简体   繁体   English

检查字符串是否包含另一个字符串的一定数量的单词

[英]Check if string contains a certain amount of words of another string

Say we have a string 1 ABCDEF and a string 2 BDE (The letters are just for demo, in reality they are words). 假设我们有一个字符串1 ABCDEF和一个字符串2 BDE (这些字母仅用于演示,实际上它们是单词)。 Now I would like to find out if there are any n conscutive "words" from string 2 in string 1. To convert the string to "words", I'd use string.split() . 现在我想知道字符串1中是否有来自字符串2的任何n连续“单词”。要将字符串转换为“单词”,我将使用string.split()

For example for n equals 2, I would like to check whether BD or DE is - in this order - in string 1. BD is not in this order in the string, but DE is. 例如,对于n等于2,我想检查BDDE是否 - 按此顺序 - 在字符串1中BD在字符串中不是这个顺序,但DE是。

Does anyone see a pythonic way of doing this? 有没有人看到这样做的pythonic方式?

I do have a solution for n equals 2 but realized that I need it for arbitrary n. 我确实有一个n等于2的解决方案,但意识到我需要任意n。 Also it is not particularily beautiful: 它也不是特别漂亮:

def string_contains_words_of_string(words_str, words_to_check_str):
    words = words_str.split()
    words_to_check = words_to_check_str.split()
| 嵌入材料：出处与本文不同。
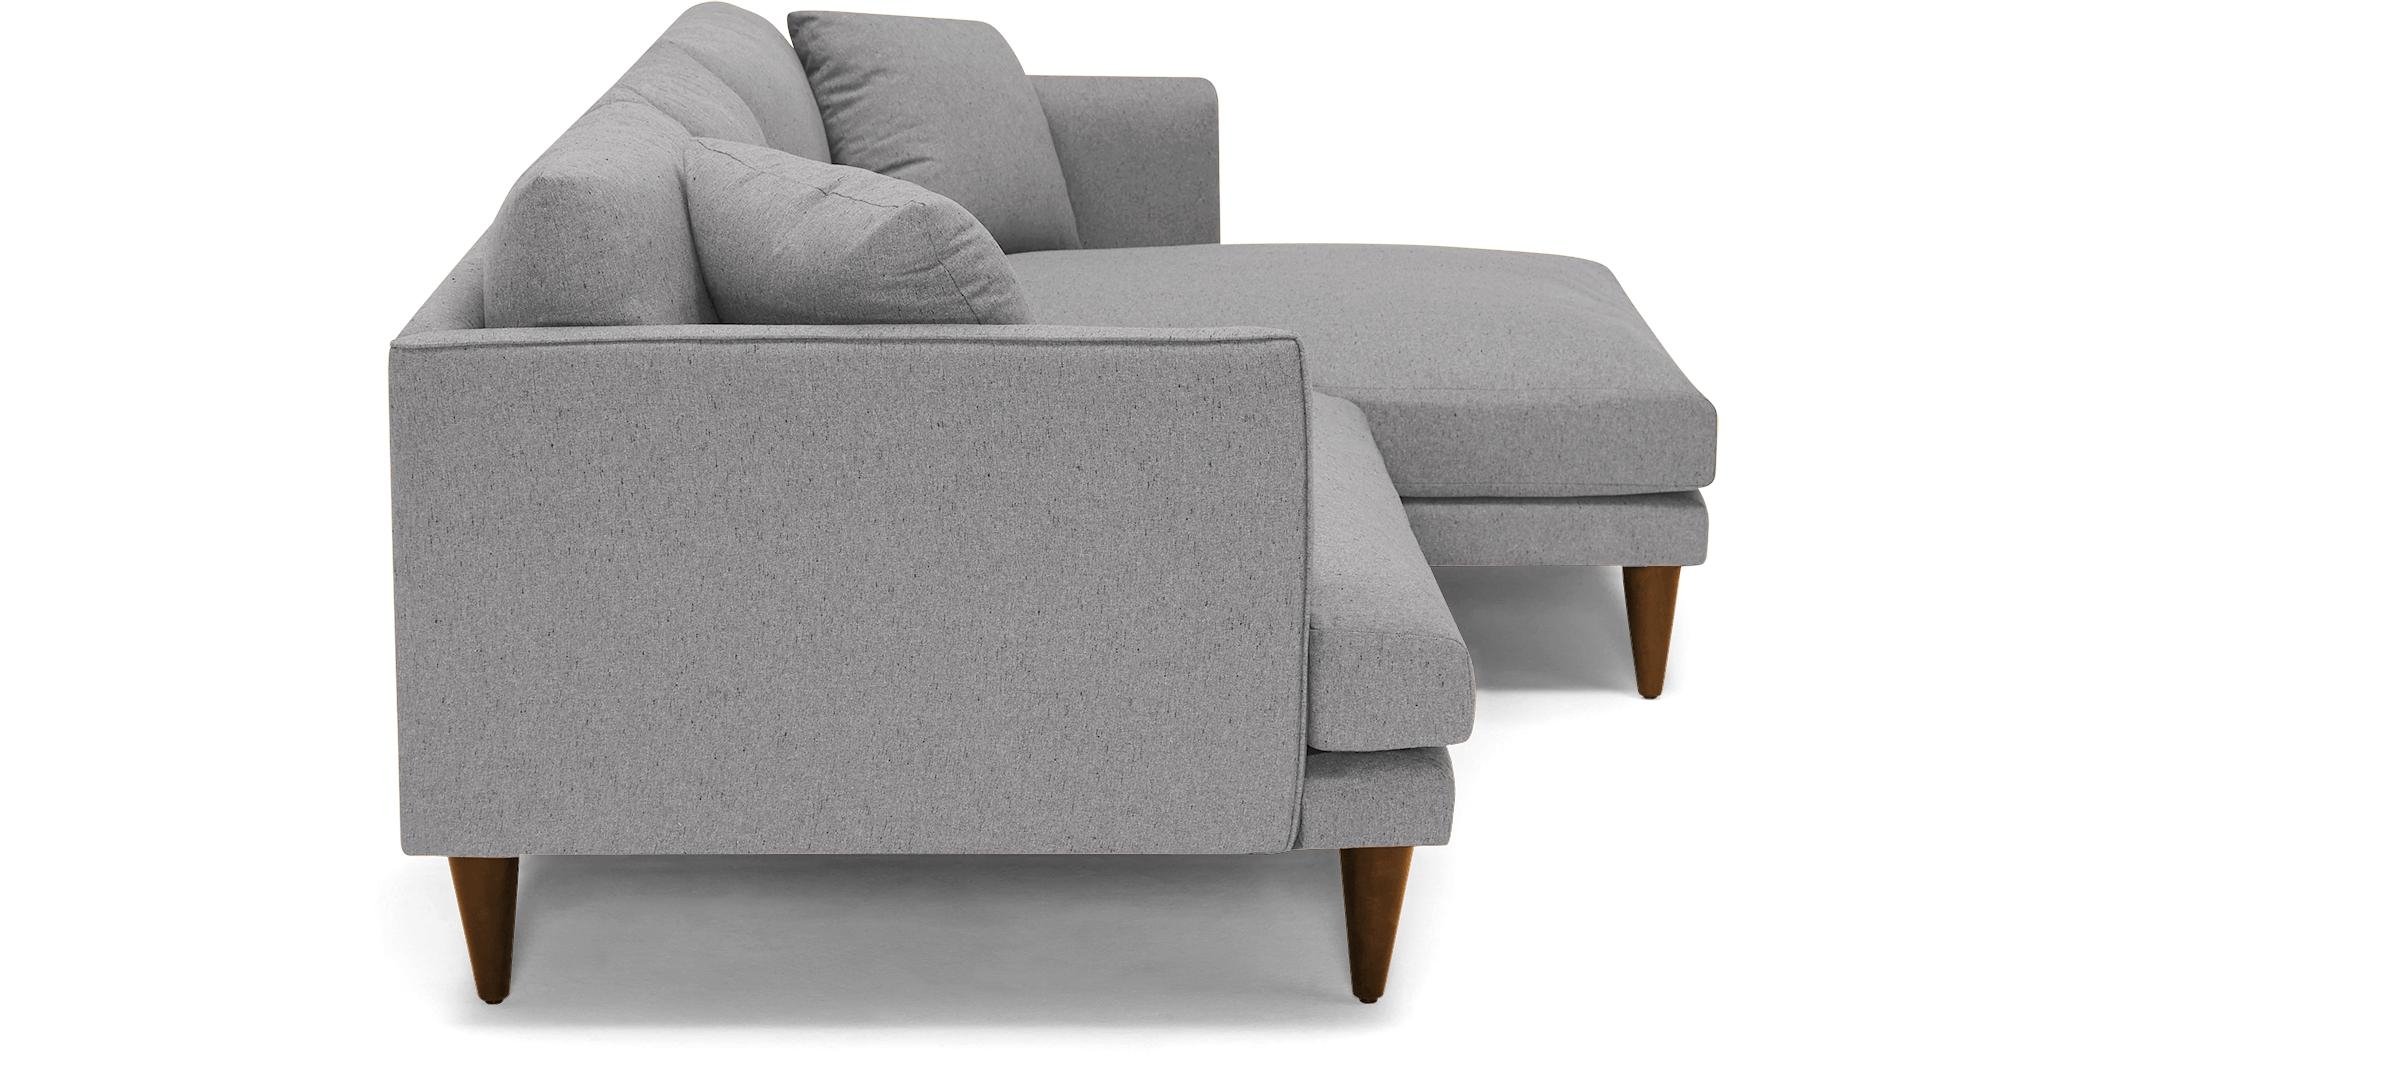 Gray Lewis Mid Century Modern Sectional - Royale Ash - Mocha - Left - Cone - Image 2

    found_word_index = None
    for word in words:
        start = 0 if found_word_index is None else found_word_index + 1
        for i, word_to_check in enumerate(words_to_check[start:]):
            if word_to_check == word:
                if found_word_index is not None:
                    return True
                found_word_index = i
                break
            else:
                found_word_index = None
    return False

This is easy with a regex: 使用正则表达式很容易:

>>> import re
>>> st1='A B C D E F'
>>> st2='B D E'
>>> n=2
>>> pat=r'(?=({}))'.format(r's+'.join(r'\w+' for i in range(n)))
>>> print [(s, s in st1) for s in re.findall(pat, st2)]
[('B D', False), ('D E', True)]

The key is to use a zero width look ahead to find overlapping matches in the string. 关键是使用零宽度向前看以找到字符串中的重叠匹配。 So: 所以:

>>> re.findall('(?=(\\w+\\s+\\w+))', 'B D E')
['B D', 'D E']

Now build that for n repetitions of the word found by \\w+ with: 现在为\\w+找到的单词重复n次构建:

>>> n=2
>>> r'(?=({}))'.format(r's\+'.join(r'\w+' for i in range(n)))
'(?=(\\w+\\s+\\w+))'

Now since you have two strings, use Python's in operator to produce a tuple of the result of s from the regex matches to the target string. 现在,因为你有两个字符串,所以使用Python的in运算符来生成从正则表达式匹配到目标字符串的s结果的元组。


Of course if you want a non-regex to do this, just produce substrings n words by n: 当然,如果你想要一个非正则表达式来做这个,只需用n生成n个字的子串:

>>> li=st2.split()
>>> n=2
>>> [(s, s in st1) for s in (' '.join(li[i:i+n]) for i in range(len(li)-n+1))]
[('B D', False), ('D E', True)]

And if you want the index (either method) you can use str.find : 如果你想要索引(任一方法),你可以使用str.find

>>> [(s, st1.find(s)) for s in (' '.join(li[i:i+n]) for i in range(len(li)-n+1)) 
...     if s in st1]
[('D E', 6)]

For regex that goes word by word, make sure you use a word boundary anchor: 对于逐字逐句的正则表达式,请确保使用单词边界锚点:

>>> st='wordW wordX wordY wordZ'
>>> re.findall(r'(?=(\b\w+\s\b\w+))', st)
['wordW wordX', 'wordX wordY', 'wordY wordZ']

you could build ngrams like so: 你可以像这样构建ngrams:

a = 'this is an example, whatever'.split()
b = 'this is another example, whatever'.split()

def ngrams(string, n):
    return set(zip(*[string[i:] for i in range(n)]))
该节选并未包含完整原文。